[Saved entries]
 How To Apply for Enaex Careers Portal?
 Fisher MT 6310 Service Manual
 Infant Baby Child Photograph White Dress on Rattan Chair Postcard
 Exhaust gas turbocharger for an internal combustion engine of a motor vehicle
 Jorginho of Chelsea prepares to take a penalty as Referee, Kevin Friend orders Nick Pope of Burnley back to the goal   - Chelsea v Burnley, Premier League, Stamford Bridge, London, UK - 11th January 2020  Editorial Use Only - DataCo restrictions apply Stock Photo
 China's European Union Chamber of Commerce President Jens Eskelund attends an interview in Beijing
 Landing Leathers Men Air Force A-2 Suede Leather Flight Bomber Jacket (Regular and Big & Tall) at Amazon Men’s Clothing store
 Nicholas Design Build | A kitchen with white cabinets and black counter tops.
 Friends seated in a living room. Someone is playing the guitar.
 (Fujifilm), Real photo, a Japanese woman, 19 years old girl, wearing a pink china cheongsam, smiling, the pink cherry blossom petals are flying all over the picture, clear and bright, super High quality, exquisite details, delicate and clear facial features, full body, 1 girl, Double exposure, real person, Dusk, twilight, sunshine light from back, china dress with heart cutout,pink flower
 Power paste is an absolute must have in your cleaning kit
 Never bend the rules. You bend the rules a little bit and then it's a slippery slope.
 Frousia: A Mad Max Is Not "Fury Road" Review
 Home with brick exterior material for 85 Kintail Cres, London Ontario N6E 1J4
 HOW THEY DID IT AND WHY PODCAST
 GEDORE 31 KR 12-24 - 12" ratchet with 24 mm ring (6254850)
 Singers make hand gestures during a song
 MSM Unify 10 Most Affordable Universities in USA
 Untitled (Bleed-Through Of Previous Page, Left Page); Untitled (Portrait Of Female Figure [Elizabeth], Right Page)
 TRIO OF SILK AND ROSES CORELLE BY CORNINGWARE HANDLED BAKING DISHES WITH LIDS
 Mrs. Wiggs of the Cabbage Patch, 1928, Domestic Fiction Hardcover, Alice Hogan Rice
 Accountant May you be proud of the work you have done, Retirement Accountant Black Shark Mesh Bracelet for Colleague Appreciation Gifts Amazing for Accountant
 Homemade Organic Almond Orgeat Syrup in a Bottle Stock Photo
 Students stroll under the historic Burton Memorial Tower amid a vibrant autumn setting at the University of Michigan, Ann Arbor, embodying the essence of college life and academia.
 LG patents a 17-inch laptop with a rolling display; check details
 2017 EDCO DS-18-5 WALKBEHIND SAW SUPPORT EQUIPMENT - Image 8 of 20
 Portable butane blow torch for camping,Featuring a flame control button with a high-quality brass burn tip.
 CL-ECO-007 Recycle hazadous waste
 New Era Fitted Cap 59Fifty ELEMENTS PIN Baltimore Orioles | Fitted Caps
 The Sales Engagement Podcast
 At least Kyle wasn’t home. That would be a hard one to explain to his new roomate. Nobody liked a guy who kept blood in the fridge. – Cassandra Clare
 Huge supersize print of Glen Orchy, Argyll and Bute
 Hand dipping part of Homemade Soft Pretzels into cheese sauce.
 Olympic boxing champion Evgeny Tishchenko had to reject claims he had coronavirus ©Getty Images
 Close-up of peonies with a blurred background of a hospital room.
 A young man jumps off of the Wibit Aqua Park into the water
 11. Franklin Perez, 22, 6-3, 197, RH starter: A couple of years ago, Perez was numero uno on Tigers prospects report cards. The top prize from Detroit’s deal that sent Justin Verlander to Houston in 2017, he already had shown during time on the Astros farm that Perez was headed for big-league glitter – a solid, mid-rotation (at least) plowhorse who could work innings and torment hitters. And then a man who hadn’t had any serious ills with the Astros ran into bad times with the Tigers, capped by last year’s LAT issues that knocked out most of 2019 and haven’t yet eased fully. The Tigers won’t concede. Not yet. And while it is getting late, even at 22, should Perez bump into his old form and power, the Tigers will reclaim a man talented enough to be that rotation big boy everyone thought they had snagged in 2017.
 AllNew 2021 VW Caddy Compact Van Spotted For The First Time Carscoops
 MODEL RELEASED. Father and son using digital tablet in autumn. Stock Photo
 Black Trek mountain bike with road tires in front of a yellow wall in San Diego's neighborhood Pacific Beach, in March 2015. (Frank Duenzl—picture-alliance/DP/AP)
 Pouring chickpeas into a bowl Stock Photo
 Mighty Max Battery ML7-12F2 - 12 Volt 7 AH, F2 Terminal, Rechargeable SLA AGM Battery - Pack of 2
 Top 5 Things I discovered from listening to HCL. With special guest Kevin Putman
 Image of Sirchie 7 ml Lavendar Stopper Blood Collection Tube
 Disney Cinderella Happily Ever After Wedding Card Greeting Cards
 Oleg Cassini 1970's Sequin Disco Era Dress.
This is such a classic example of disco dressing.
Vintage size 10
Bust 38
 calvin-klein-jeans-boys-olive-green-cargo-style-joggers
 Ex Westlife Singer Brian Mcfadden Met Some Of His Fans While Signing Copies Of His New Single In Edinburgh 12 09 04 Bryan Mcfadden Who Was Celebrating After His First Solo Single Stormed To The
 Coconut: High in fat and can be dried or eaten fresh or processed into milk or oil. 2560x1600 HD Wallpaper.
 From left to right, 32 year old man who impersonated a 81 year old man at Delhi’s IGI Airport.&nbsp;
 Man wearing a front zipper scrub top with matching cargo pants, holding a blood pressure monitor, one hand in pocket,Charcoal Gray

> **TASK DETAILS**:
Return word for word the lines above from the line with "MSM Unify 10" to the line with "A young man", including both and leaving out all others.

> **TASK OUTPUT**:
 MSM Unify 10 Most Affordable Universities in USA
 Untitled (Bleed-Through Of Previous Page, Left Page); Untitled (Portrait Of Female Figure [Elizabeth], Right Page)
 TRIO OF SILK AND ROSES CORELLE BY CORNINGWARE HANDLED BAKING DISHES WITH LIDS
 Mrs. Wiggs of the Cabbage Patch, 1928, Domestic Fiction Hardcover, Alice Hogan Rice
 Accountant May you be proud of the work you have done, Retirement Accountant Black Shark Mesh Bracelet for Colleague Appreciation Gifts Amazing for Accountant
 Homemade Organic Almond Orgeat Syrup in a Bottle Stock Photo
 Students stroll under the historic Burton Memorial Tower amid a vibrant autumn setting at the University of Michigan, Ann Arbor, embodying the essence of college life and academia.
 LG patents a 17-inch laptop with a rolling display; check details
 2017 EDCO DS-18-5 WALKBEHIND SAW SUPPORT EQUIPMENT - Image 8 of 20
 Portable butane blow torch for camping,Featuring a flame control button with a high-quality brass burn tip.
 CL-ECO-007 Recycle hazadous waste
 New Era Fitted Cap 59Fifty ELEMENTS PIN Baltimore Orioles | Fitted Caps
 The Sales Engagement Podcast
 At least Kyle wasn’t home. That would be a hard one to explain to his new roomate. Nobody liked a guy who kept blood in the fridge. – Cassandra Clare
 Huge supersize print of Glen Orchy, Argyll and Bute
 Hand dipping part of Homemade Soft Pretzels into cheese sauce.
 Olympic boxing champion Evgeny Tishchenko had to reject claims he had coronavirus ©Getty Images
 Close-up of peonies with a blurred background of a hospital room.
 A young man jumps off of the Wibit Aqua Park into the water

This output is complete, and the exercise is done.